Background Group visits are a popular new type of patient-physician encounter. The goal of the group visit is to create an environment where patients with a shared chronic condition work together with a physician and other health care providers to manage their disease. This collaborative care model has been shown to decrease participants' utilization of the emergency room and increase the likelihood that patients receive recommended services for their chronic condition. To date, no studies of group visits have been done with low-income, community health center populations. Also, these studies have not examined the population of patients who are not interested in attending group visits. The Bothell Kenmore Community Health Center has proposed the use of group visits for their diabetic population.

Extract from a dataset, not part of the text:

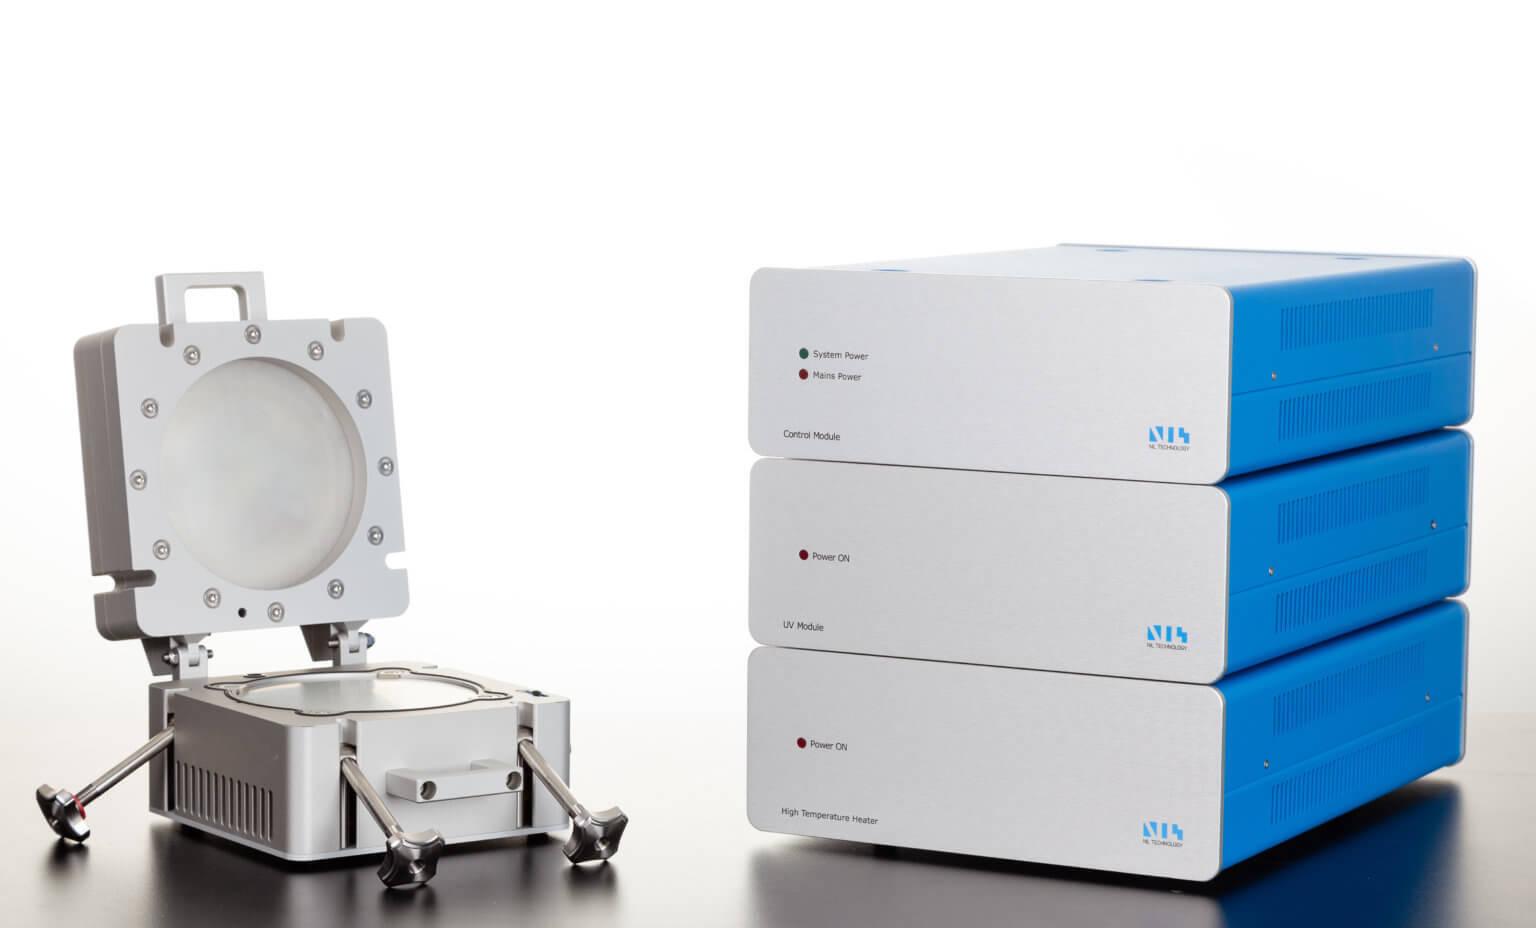 CNI v3.0, 120 mm version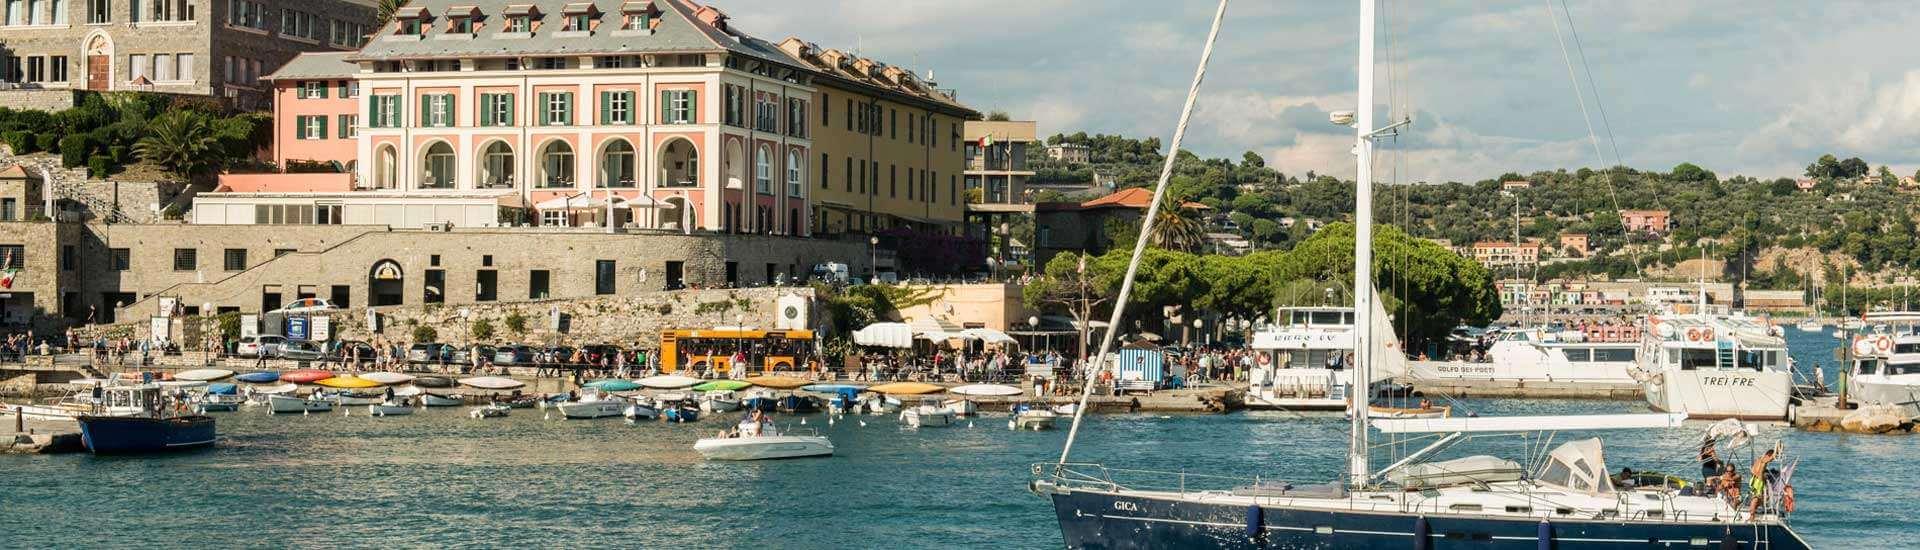 Grand Hotel Portovenere: spring grand reopening

Study Design and Methods A phone survey was created to determine whether there was a significant level of interest for this type of resource and what factors might determine an individual's decision to participate in group visits. The clinic hypothesized that a number of variables might influence patients' decisions to attend group visits. These variables include financial resources, older age, transportation resources, patients' perceived efficacy of their diabetes self-care, health status, and patients' perceived control over their health. The SF-12 and the locus of control were used to capture the last two variables. Fifty-two patients participated in the survey. Sixty-four percent of the patients were interested in participating, while 15% said they were unsure and 21% said they were not interested. For the above-mentioned variables, the only variable that had a significant impact on participation was financial. Fifty-five percent of those interested in group visits stated that finances would affect their decision and 0% of those not interested in group visits statied that it would affect their decision.

Conclusion The survey showed that the group visit model attracts individuals from a broad range of emotional and physical health statuses.